SS24 Chanel Ready to Wear Credits: ©Launchmetrics/spotlight

Während der Corona-Krise verzeichnete der Luxusmarkt einen Umsatzanstieg. Wer sind die neuen Kund:innen und welche Beziehung haben sie zum Luxus?

Um die Hintergründe dieser Entwicklung zu verstehen, hat die französische Agentur Maison BETC, spezialisiert auf Markenstrategieberatung, eine Studie über Luxuskund:innen durchgeführt. Mercedes Erra, Gründerin des Unternehmens, und Clément Boisseau, Mitbegründer und Geschäftsführer, haben FashionUnited Einblicke in die Ergebnisse der Studie gegeben.

Warum haben Sie sich dazu entschlossen, eine Studie über die neuen Beziehungen zum Luxus durchzuführen?

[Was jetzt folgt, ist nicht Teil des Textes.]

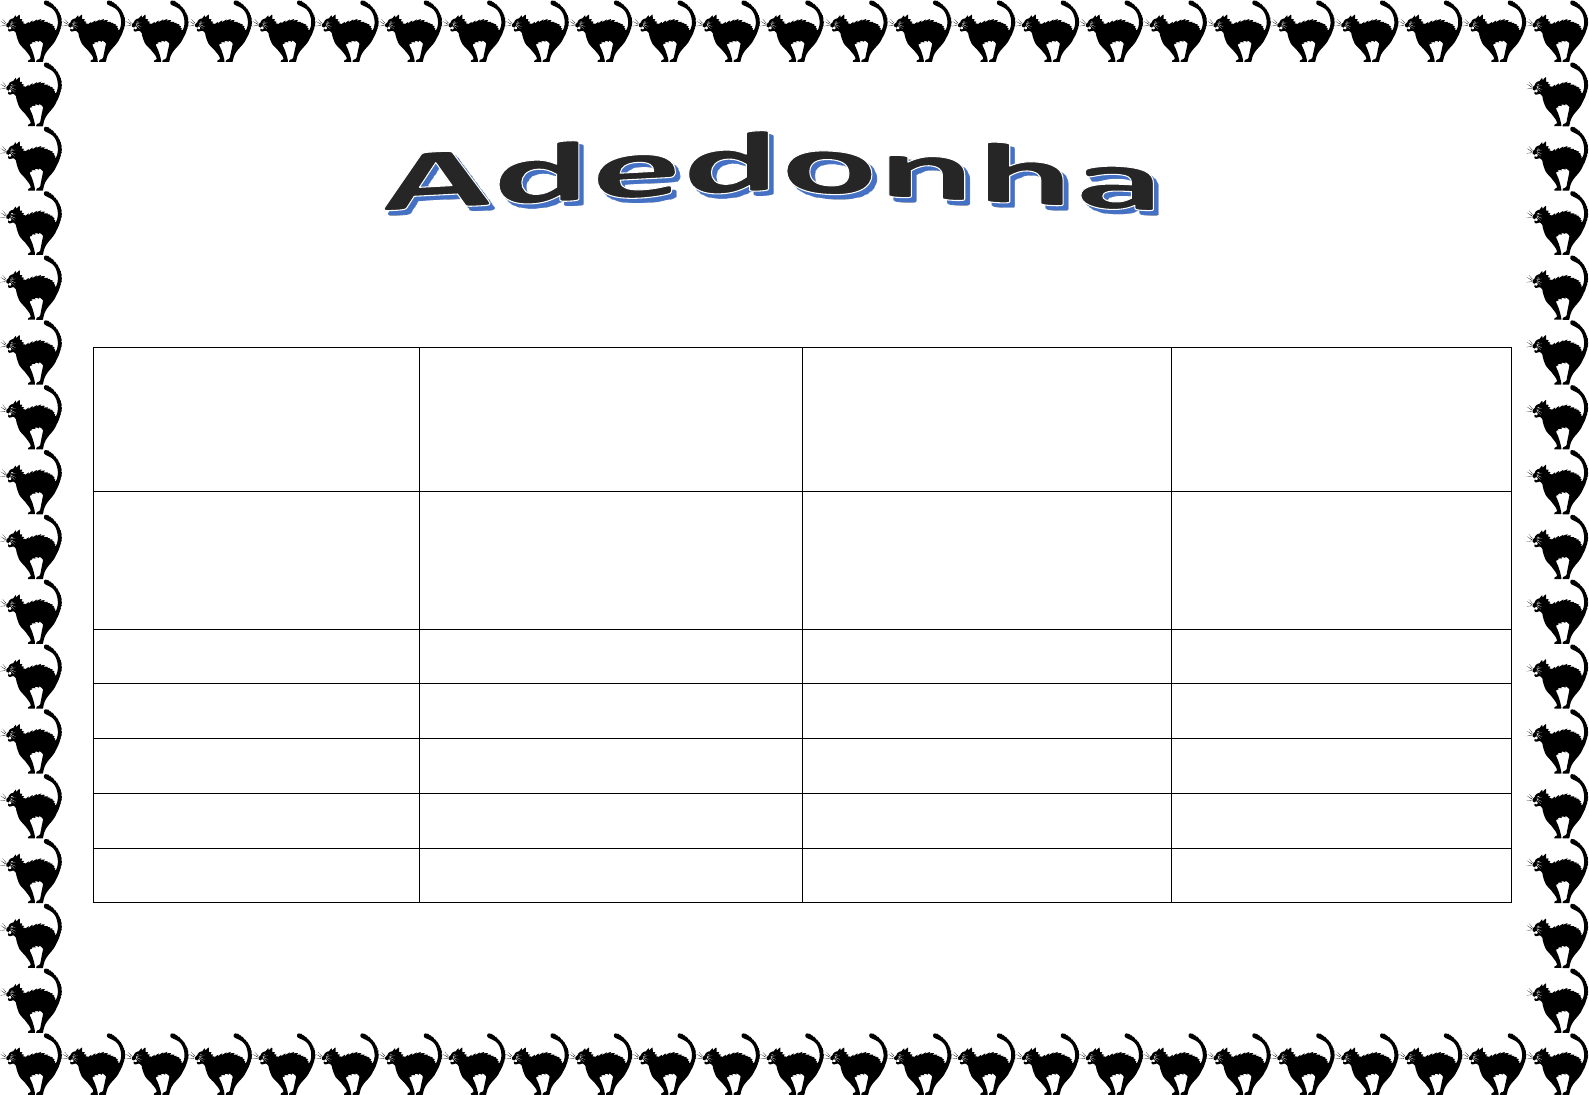 ADEDONHA, PDF

Mercedes Erra: Wir glauben, dass Marken den Menschen dienen und deshalb auf sie zugehen müssen. Dazu müssen wir uns mit grundlegenden Themen auseinandersetzen. Die Beziehung zum Luxus ist eines davon. Sie ermöglicht es uns, die Marken, die wir betreuen, richtig zu positionieren. Wir müssen wissen, welche Ideen am weitesten fortgeschritten sind. Deshalb haben wir diese Studie durchgeführt, die auch Prosument:innen (Anm. der Red.: Menschen, die ein Gut produzieren als auch konsumieren.) einbezieht.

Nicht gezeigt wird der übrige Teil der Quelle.